どんっと大きな音がして、左手に痛みが走る。とっさに容赦なくたたきつけたせいで、手にじんじんと響く痛みが続いている。
「ひどいじゃないか!僕は君にまだ何もしていないと言うのに!突然攻撃してくるなんて紳士的じゃあないぞ!」
声を無視して、恐る恐る左手の甲をみると、キノコは引っ込んでいた。
その代わり、右腕の二の腕あたりから、にょきっと顔を出している。ぎょろりと目玉がこちらを見てくる。
「ギャアア!!!」
なんとか手でむしろうと、左手でキノコを掴もうとするのだが、そのたびにキノコは引っ込み、別のところからにょきっと生えてくるのだ。

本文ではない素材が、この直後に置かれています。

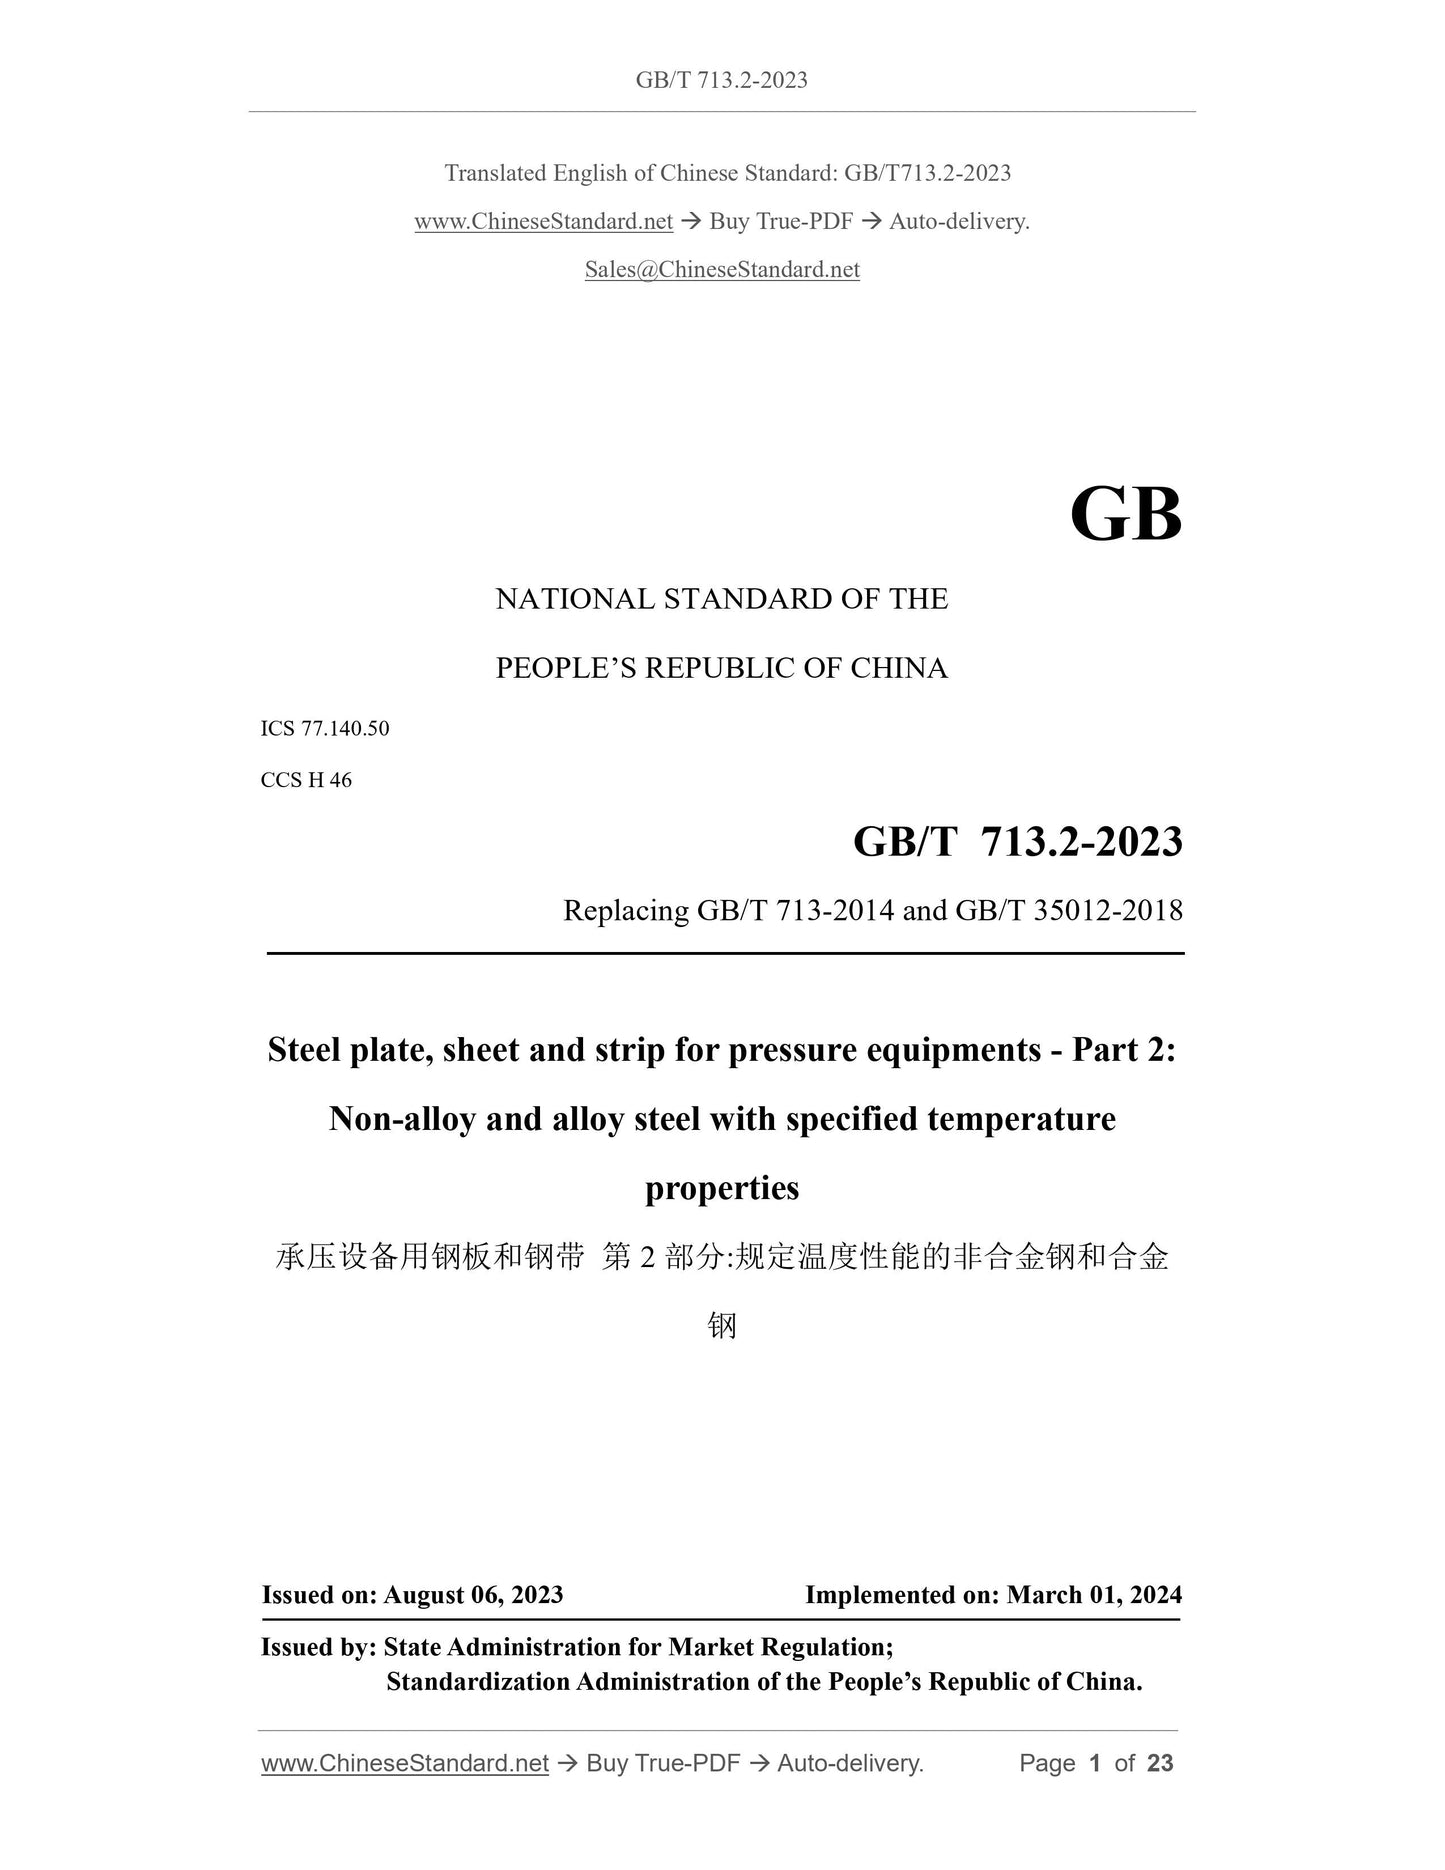 GB/T 713.2-2023 Page 1

「落ち着いてくれ!そう騒がれては話も出来ない!今のままでは僕は君の体から出ることは出来ないし、君だって僕を今引っこ抜いたらすごく痛いぞ!」
しばらくの戦いの末、最終的におでこから生えてきたキノコが「ギブアップだ!もうやめてくれ!」と叫んだところで私も疲れてしまってベッドに横になった。

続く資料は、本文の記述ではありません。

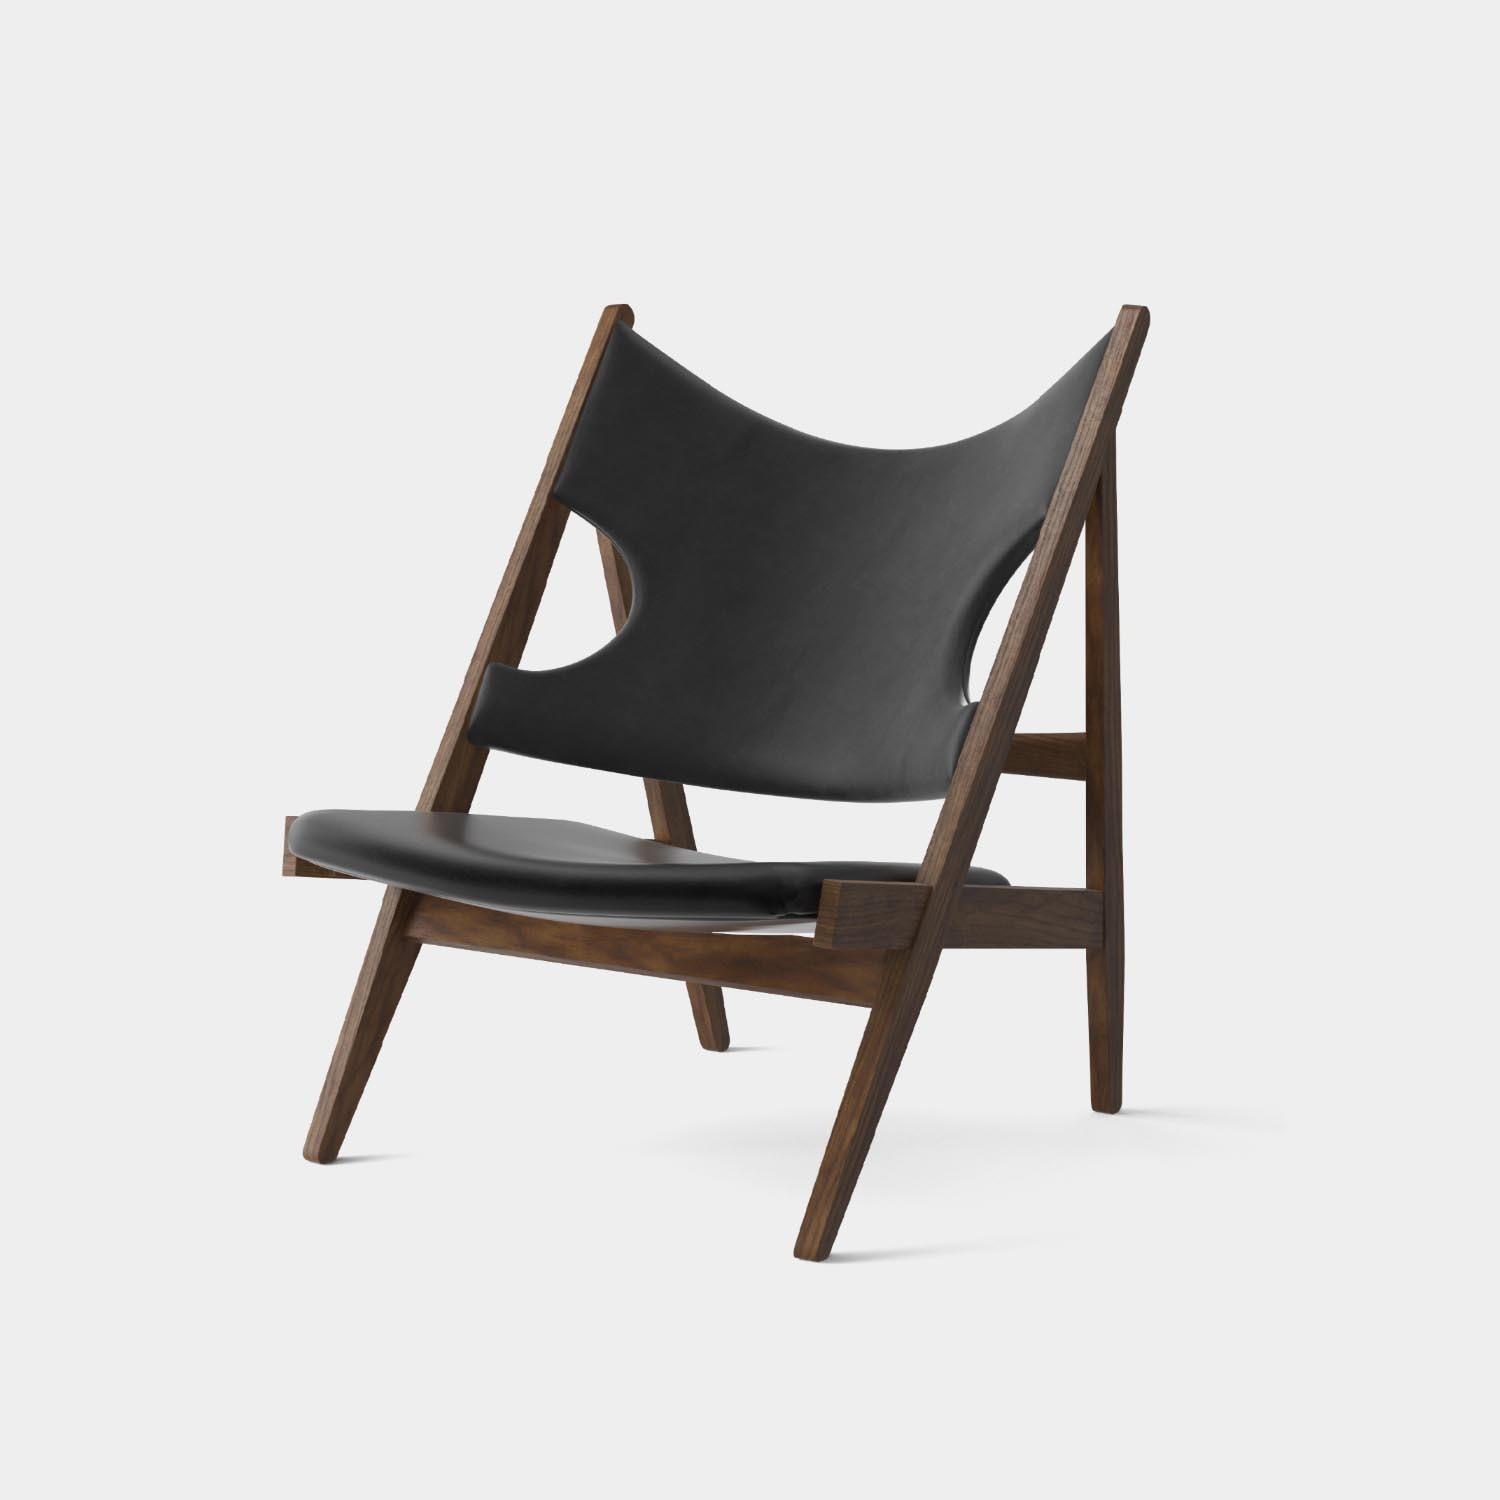 Knitting Lounge Chair, Walnut, Designer Collection, Black Leather

風邪の時に、突拍子もない夢を見るあれときっと同じだ。これは夢で、現実じゃない。
現実で良いわけがない。
「二度寝はオススメしないぞ、昨日君と一緒にいた女の子に連絡を取った方が良い」
「え、なんでそのことを知っているの?」
「そりゃあ知っているさ、僕はあのときに君の体の中に入った胞子から生まれたんだから。言葉は君の脳みそから拝借した。しゃべり方は君が好きなキャラクターからだ。あの漫画面白いな、さっき君の記憶をたよりに読んで見たんだが、人間の正義感というものには興味をそそられる」
「あのキノコの胞子から!?じゃあ、ミキにもお前みたいなのが生えてるって事!?」
「ん?ああいや、それはちょっと僕にも分かりかねる。あの子は思いっきり吸っていたからな、それに体質もあるだろう。僕は君の体全てをいただこうとしたんだが、どうにも上手く行かなくてね。食生活が良かったのかな、お母さんに感謝するべきだ」
あれこれと考えることはあったが、このキノコが言うことが確かなのであれば、急いでミキに連絡を取る必要がある。
「ミキに連絡したら、話を聞かせて」
「さっきからそう言ってるのに君が僕の話を聞いてくれないんじゃあないか。なんだ、人間ってのはみんなこんな身勝手な種族なのか?」
キノコの話を無視して、私はすぐさまミキに電話をかける。
何度コールしても、ミキが電話に出ることはなく、私は恐ろしくなって急いで制服に着替えて家を飛び出した。
まだ朝もやのかかった、人通りの少ない住宅街。
ミキの家はそう遠くないところにある。
いつもバスケの練習を一緒にしている公園を曲がって、すぐのところだ。
最短でミキの家の前に付くと、私は、はたと立ち止まった。
目をこすり、もう一度その光景を目の当たりにする。
「うそでしょ」
「あらまあ、こりゃたまげた」
――ミキの家の庭に、大きな白いキノコが生えていた。